[WHAT TO PRODUCE]
With the pictures left out, please write out exactly each line from the one containing "find ein in quickbooks for mac desktop" through the end of the material.

[RECORDED INFORMATION]
<<<<

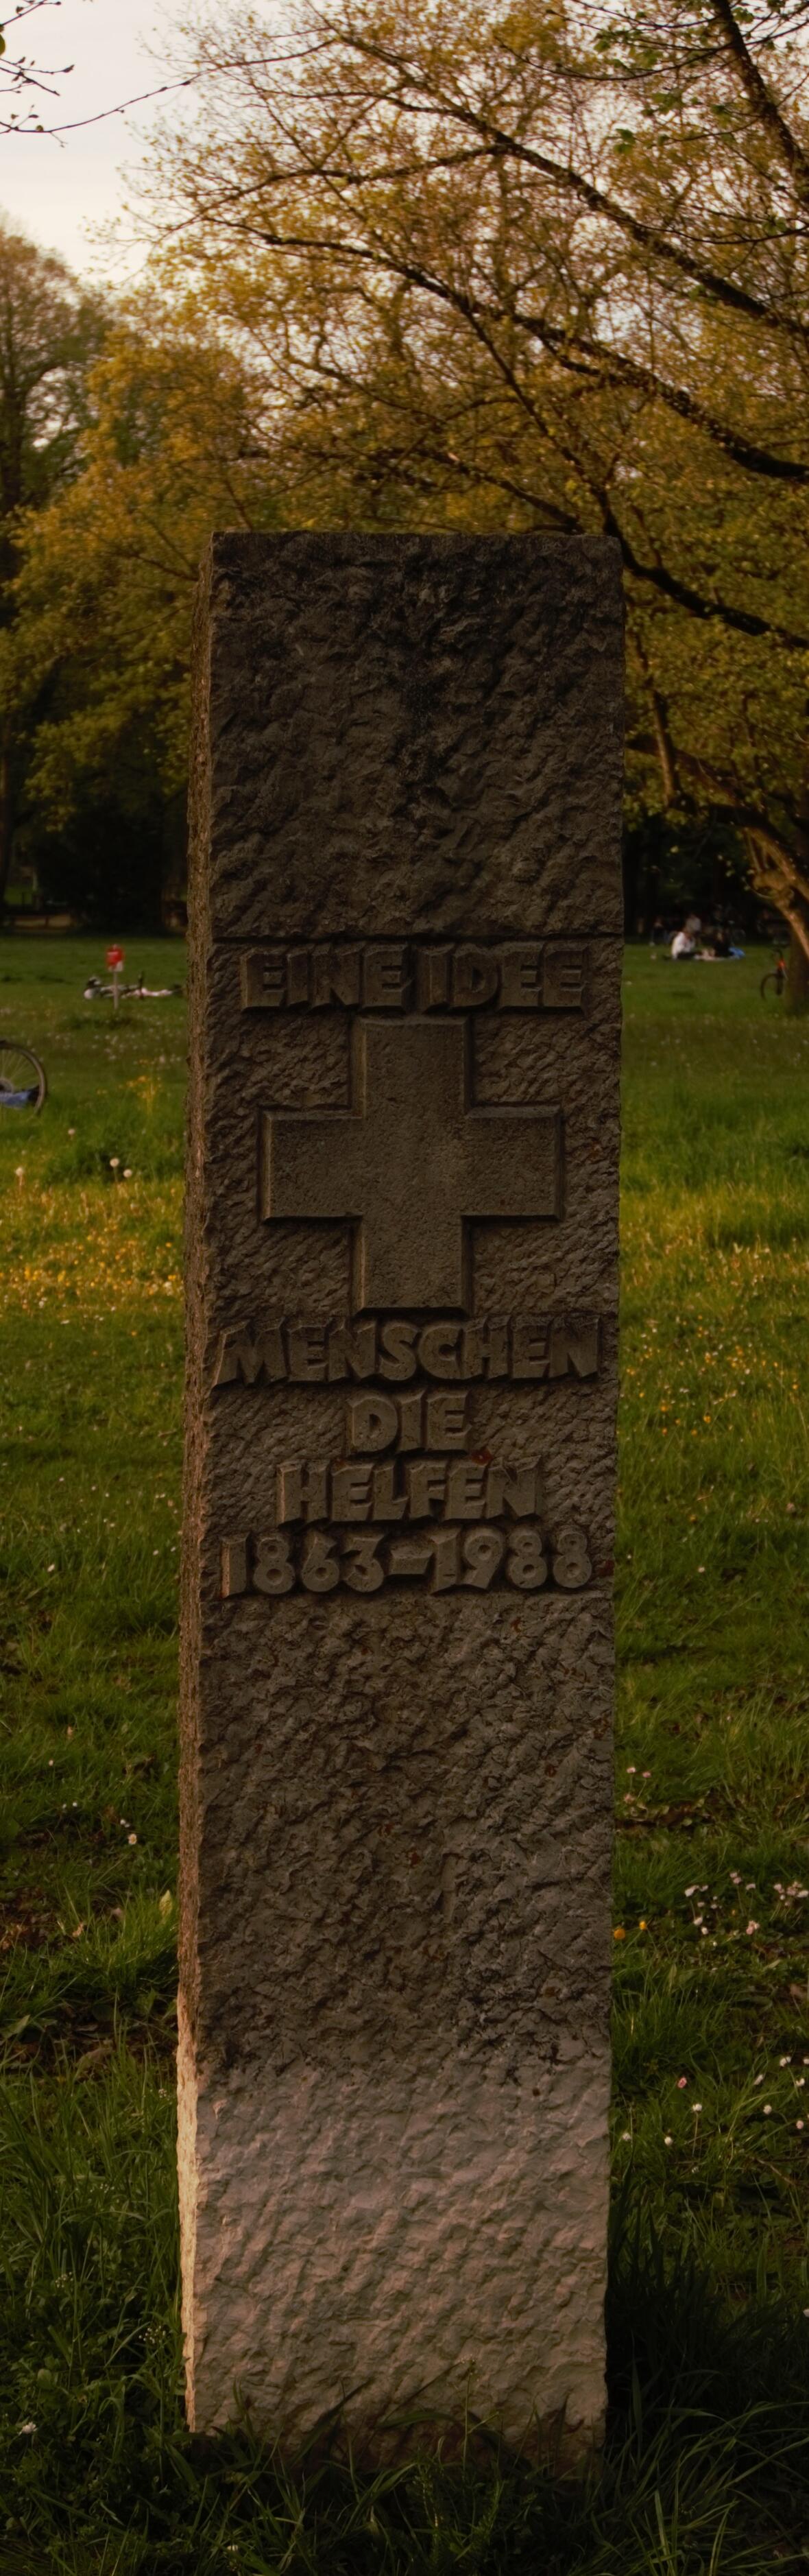 Der Rot-Kreuz-Stein steht im Wittelsbacher Park nahe Ecke Imhof-/Moltkestraße
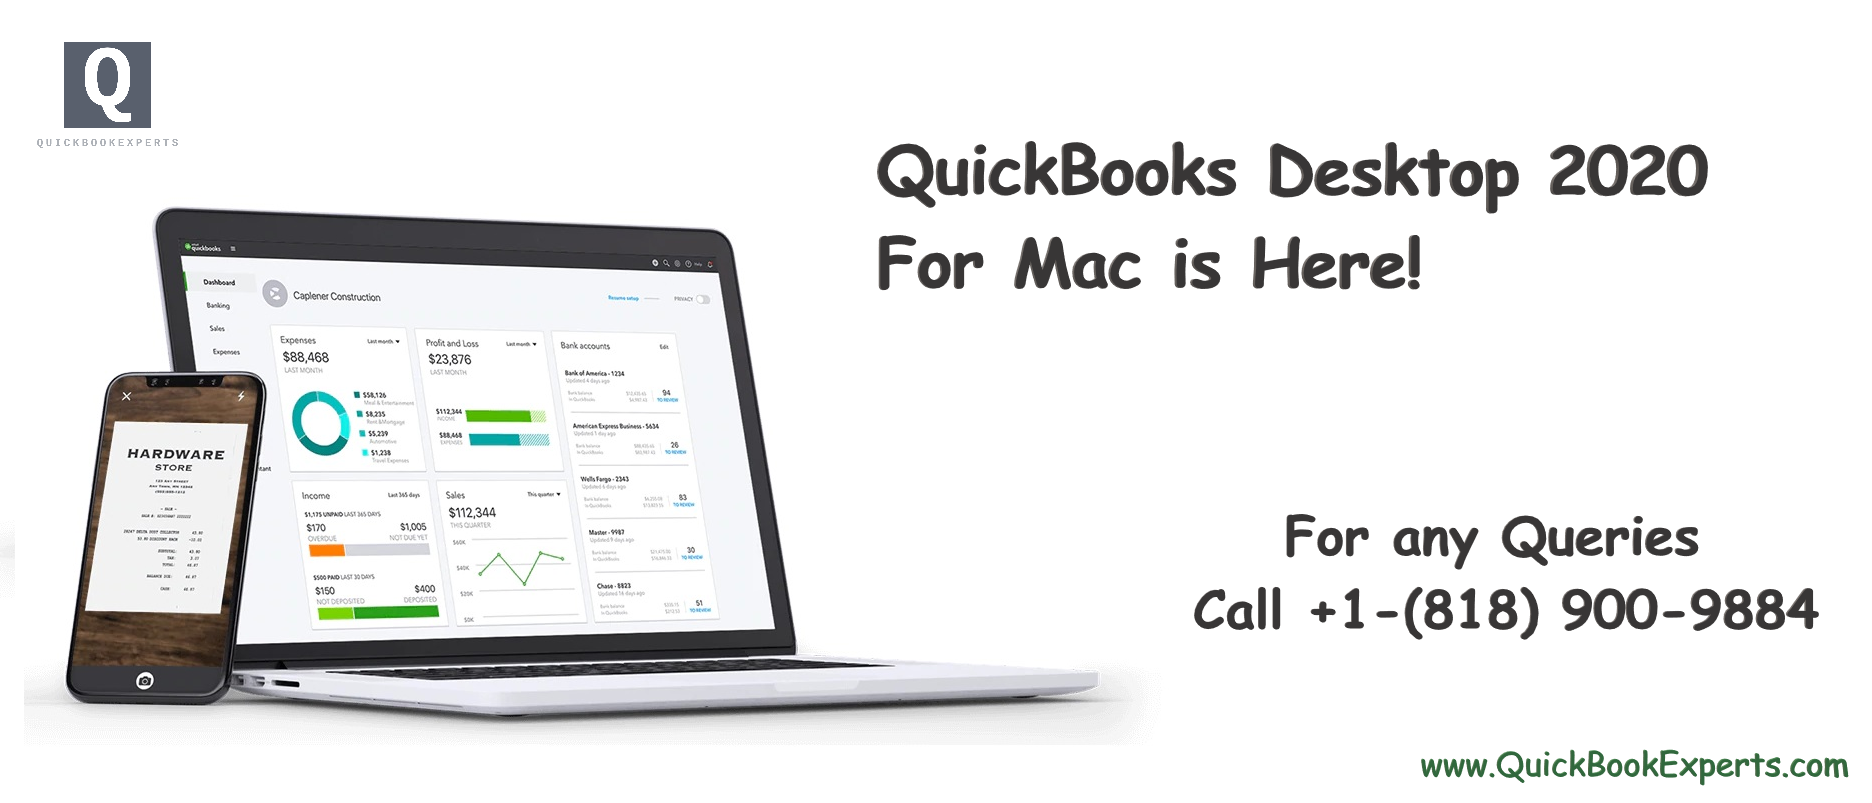 find ein in quickbooks for mac desktop
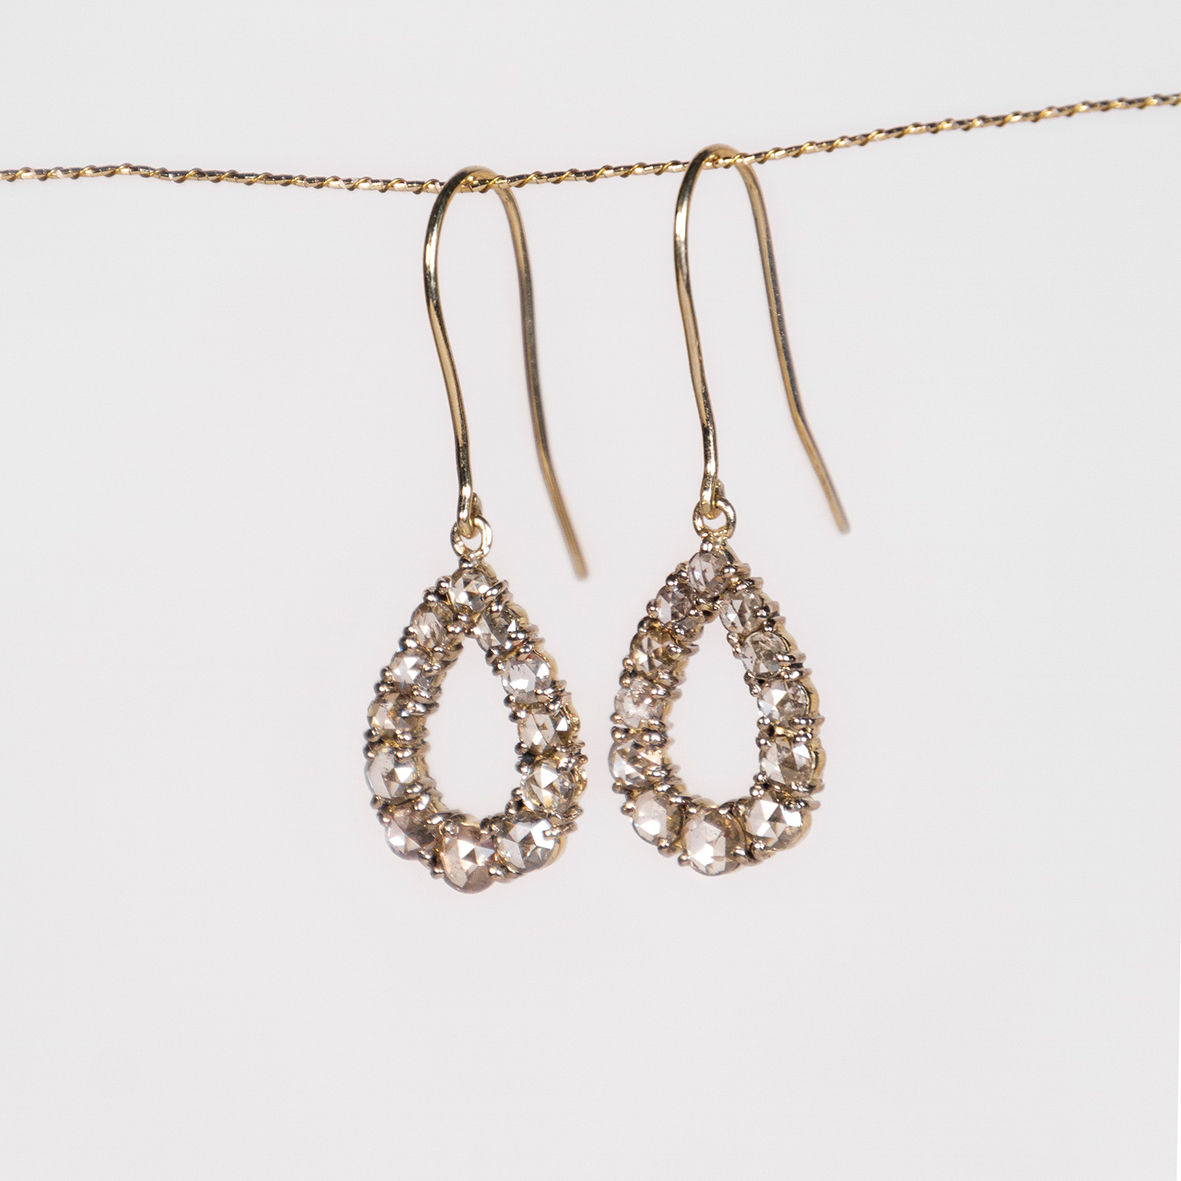 2. Drop diamond earrings_f2
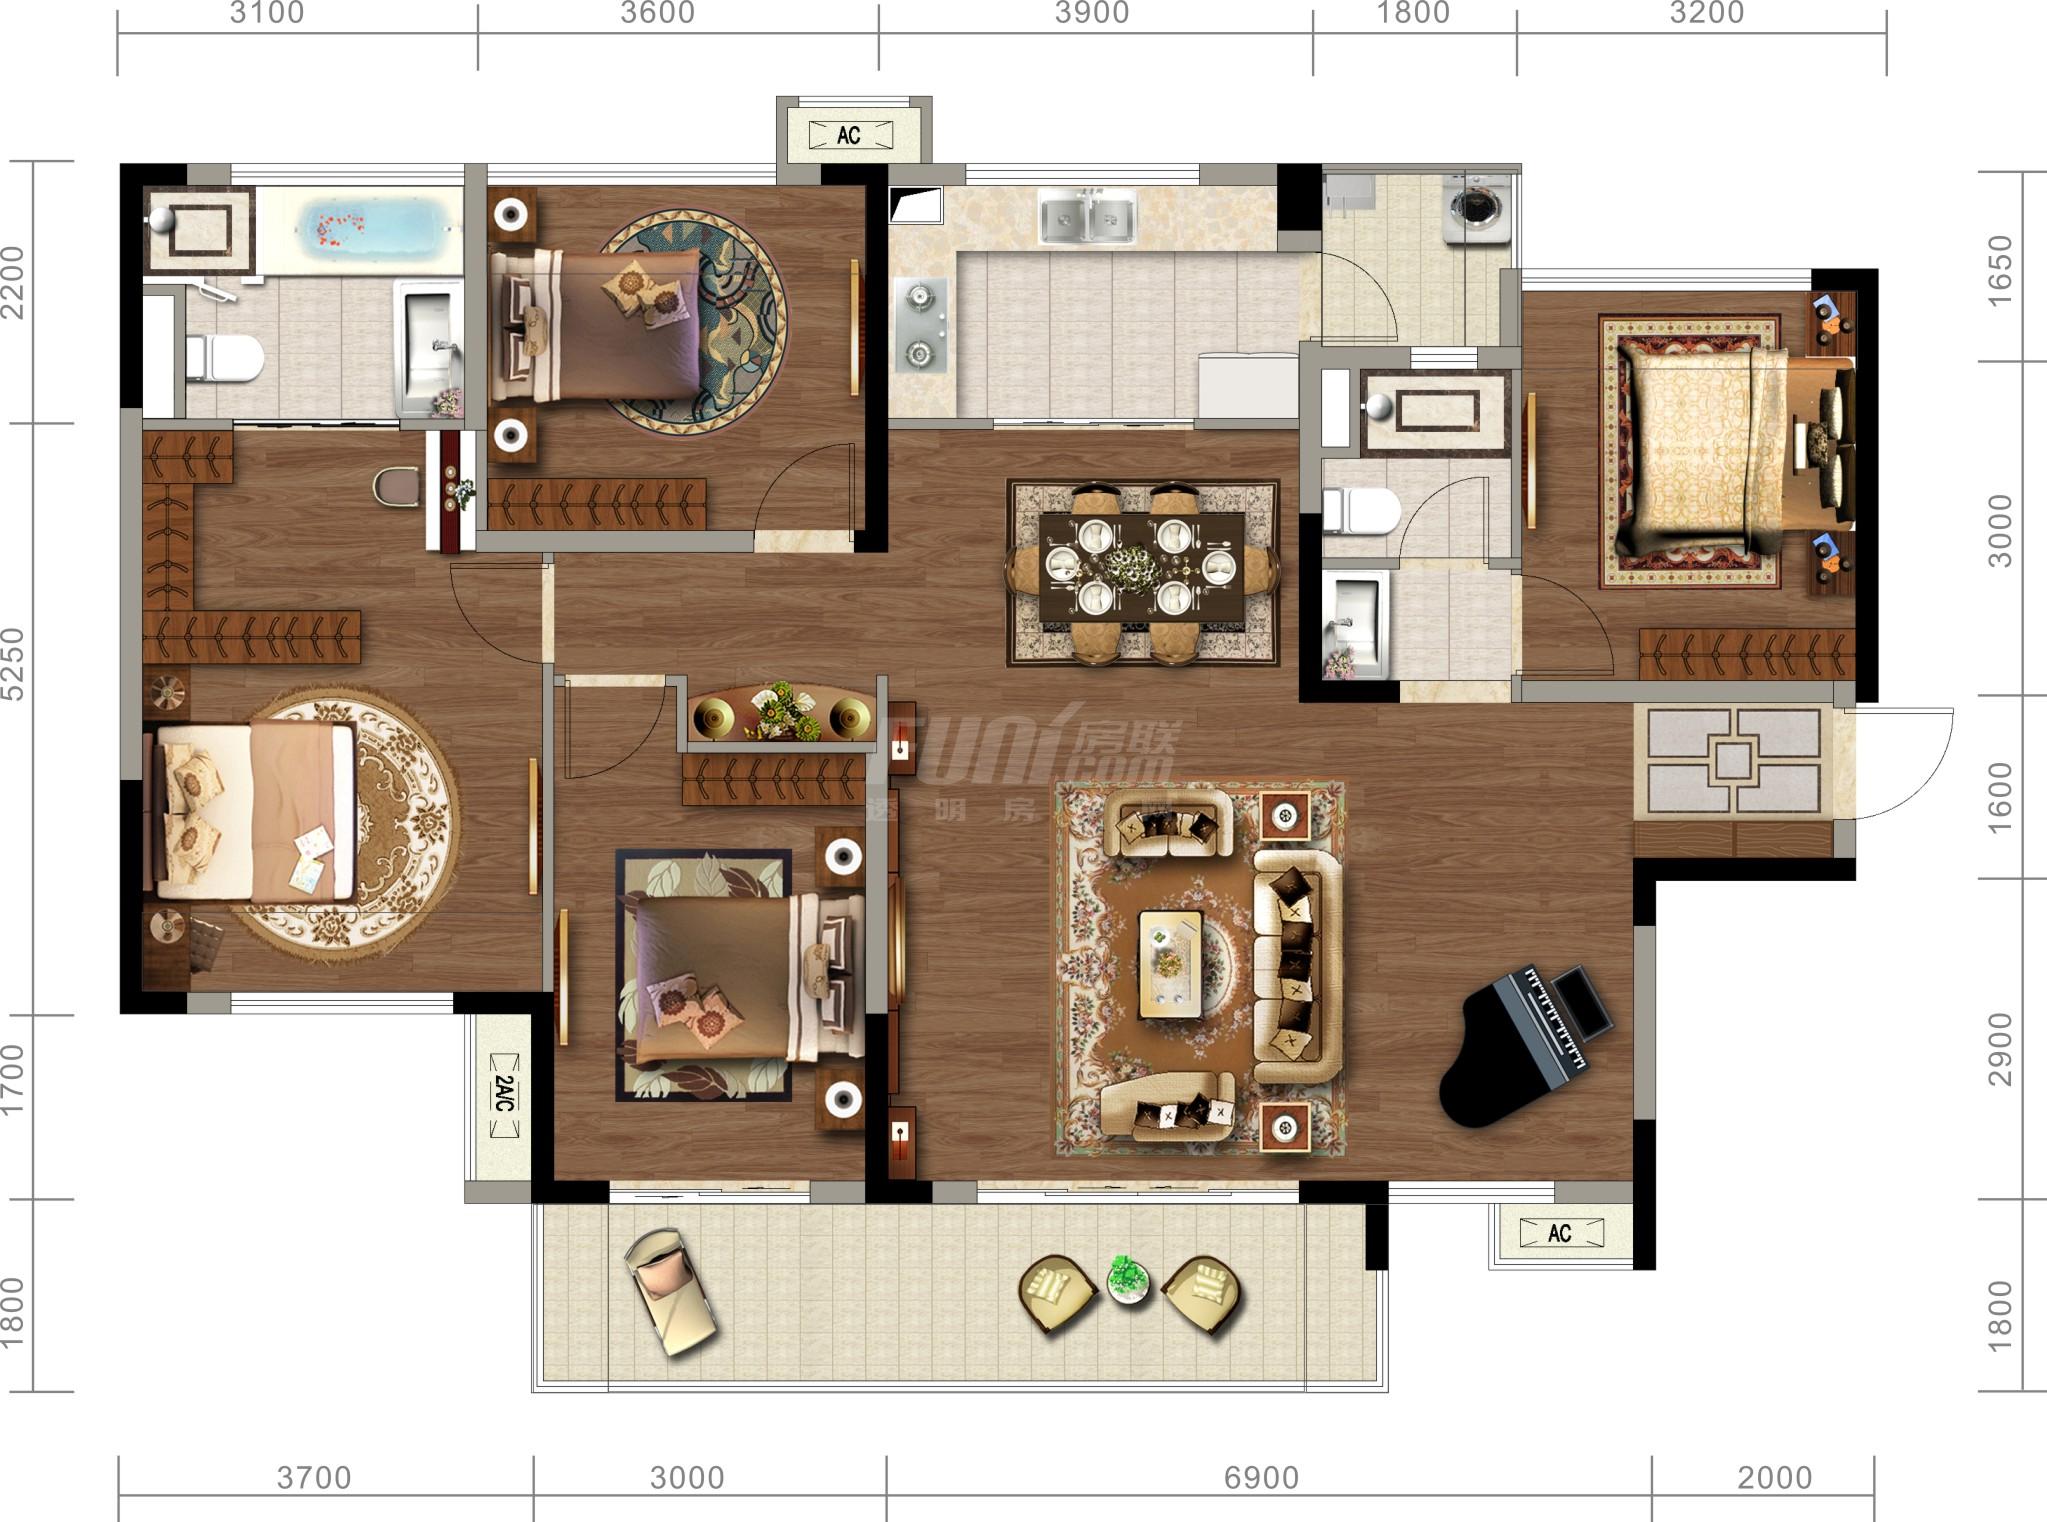 现代四室两厅户型住宅透视草图大师模型，四室两厅户型住宅透视sketchup模型下载 - sketchup网

>>>>

[THE COMPLETED TASK]
 find ein in quickbooks for mac desktop
 2. Drop diamond earrings_f2
 现代四室两厅户型住宅透视草图大师模型，四室两厅户型住宅透视sketchup模型下载 - sketchup网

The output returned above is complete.